O vector guarda ponteiros para variáveis dinâmicas das classes Filme, FilmeEstrangeiro e EdicaoDoRealizador.

Finalmente, o programa deve percorrer o vector pedindo a cada filme para se mostrar no ecrã (i.e., invocando o procedimento membro mostra()).

Execute o programa.  Aconteceu o que previa?  Aconteceu o desejável?

1.b)  À luz do que aprendeu sobre funções e procedimentos membro virtuais e polimorfismo, leve o programa de teste a mostrar correctamente cada uma dos filmes (i.e., um filme estrangeiro deve ser mostrada como tal, incluindo a nacionalidade e o idioma).  Ou seja, pretende-se que invocações do procedimento membro mostra() através de ponteiros para a classe Filme levem à execução do procedimento membro mostra() da classe a que pertence o objecto apontado (ligação dinâmica).

2.  Usando a biblioteca Slang++, escreva um programa que desenhe no centro do ecrã uma cruz de asteriscos amarelos sobre fundo vermelho, escreva "carregue em qualquer tecla para sair" no canto inferior direito do ecrã, e espere por uma tecla antes de terminar (Manual do Slang++ em linha ou em PDF).

3.  Escreva um programa (usando a biblioteca Slang++) que exiba um rectângulo no ecrã.  O rectângulo deve ser branco sobre fundo azul, com borda representada por asteriscos e interior representado por pontos.  Deve ter origem na linha 10 coluna 30 e deve ter 5 linhas de altura por 30 de largura.  Deve definir e usar uma classe Rectangulo com um construtor apropriado para poder representar qualquer rectângulo que se pretenda e com um procedimento desenha() para desenhar os rectângulos no ecrã.
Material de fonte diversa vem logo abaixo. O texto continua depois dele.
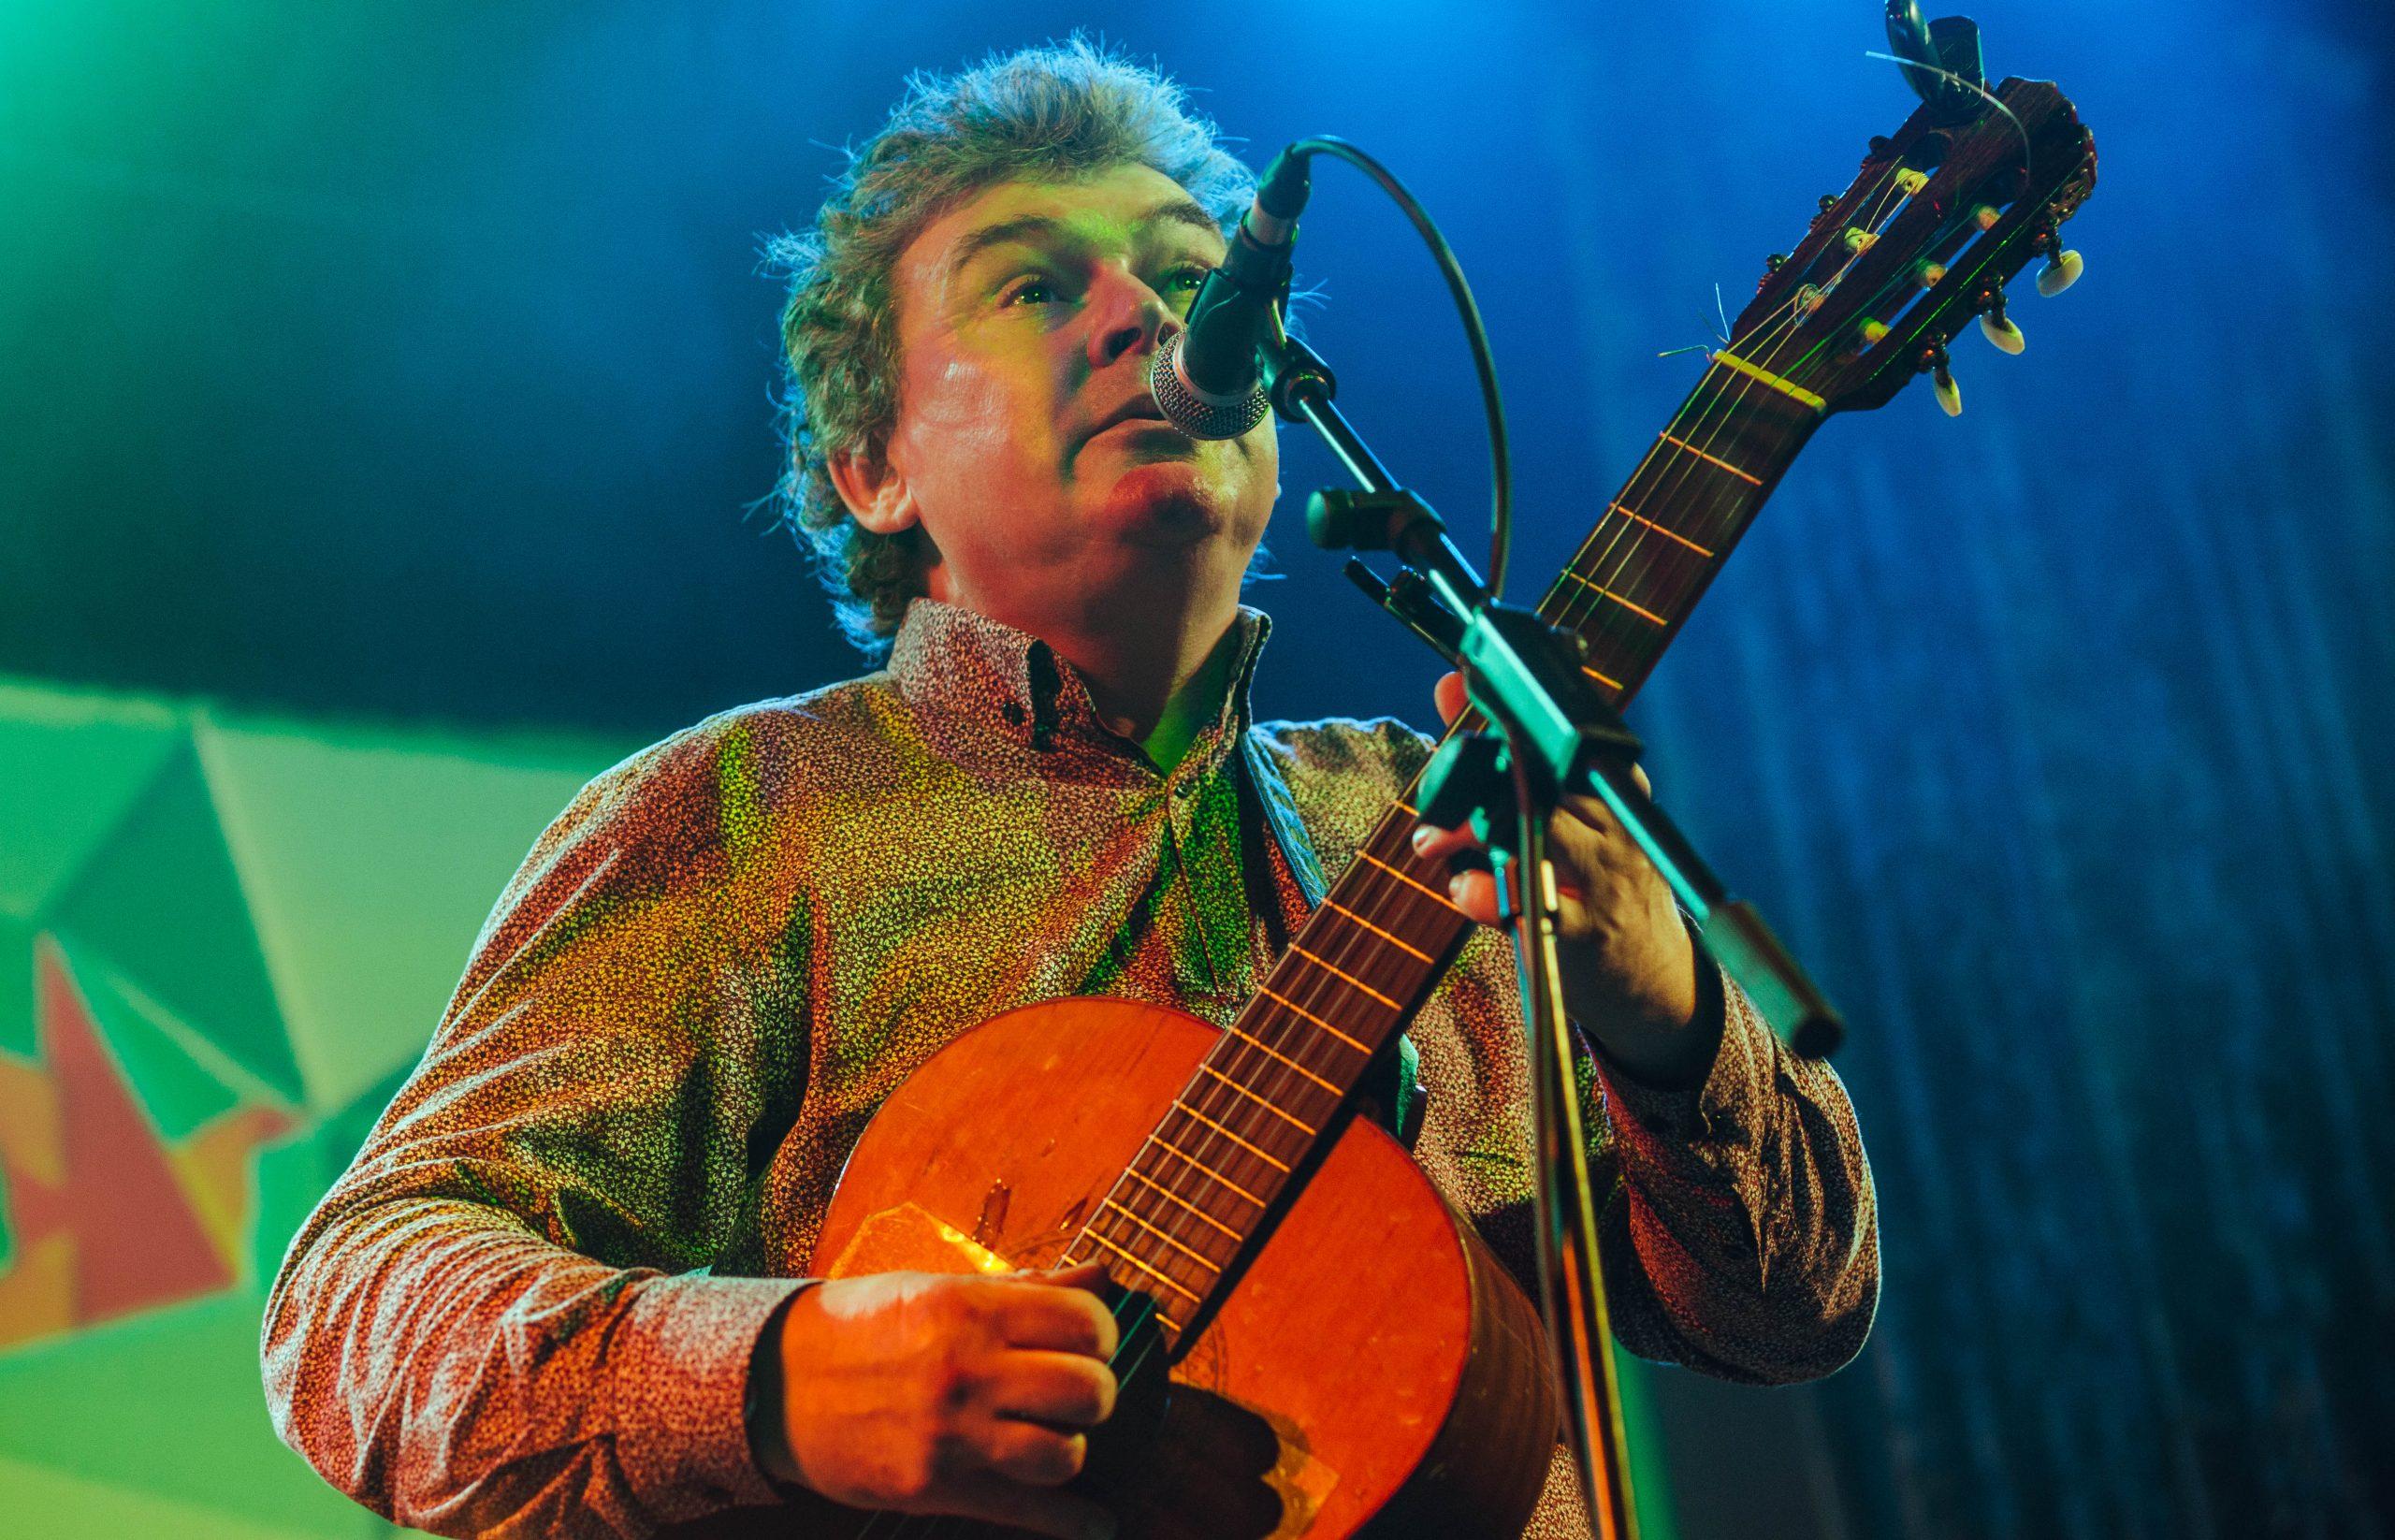 John Spillane, First Fortnight, Kino, Cork, 11-01-20-1

4.  Melhore o programa anterior, introduzindo uma classe Forma da qual Rectangulo deve ser derivada (usando herança pública: repare que um Rectangulo é uma Forma).  Deste modo, podemos colocar na classe Forma as responsabilidades comuns a todas as formas.  Escreva também uma classe Ponto (e um ponto também é uma forma...) que represente um simples ponto no ecrã.  Altere o programa de modo a colocar um rectângulo e um ponto num vector de ponteiros para Forma e por fim percorrer esse vector pedindo às formas apontadas para se desenharem no ecrã.


4  Referências

[1]  Stanley B. Lippman e Josée Lajoie, "C++ Primer", 3ª edição, Addison-Wesley, Reading, Massachusetts, 1998. (Existe um exemplar na biblioteca do ISCTE.)

[2]  Bjarne Stroustrup, "The C++ Programming Language", 3ª edição, Addison-Wesley, Reading, Massachusetts, 1997. (Existem três exemplares na biblioteca do ISCTE.)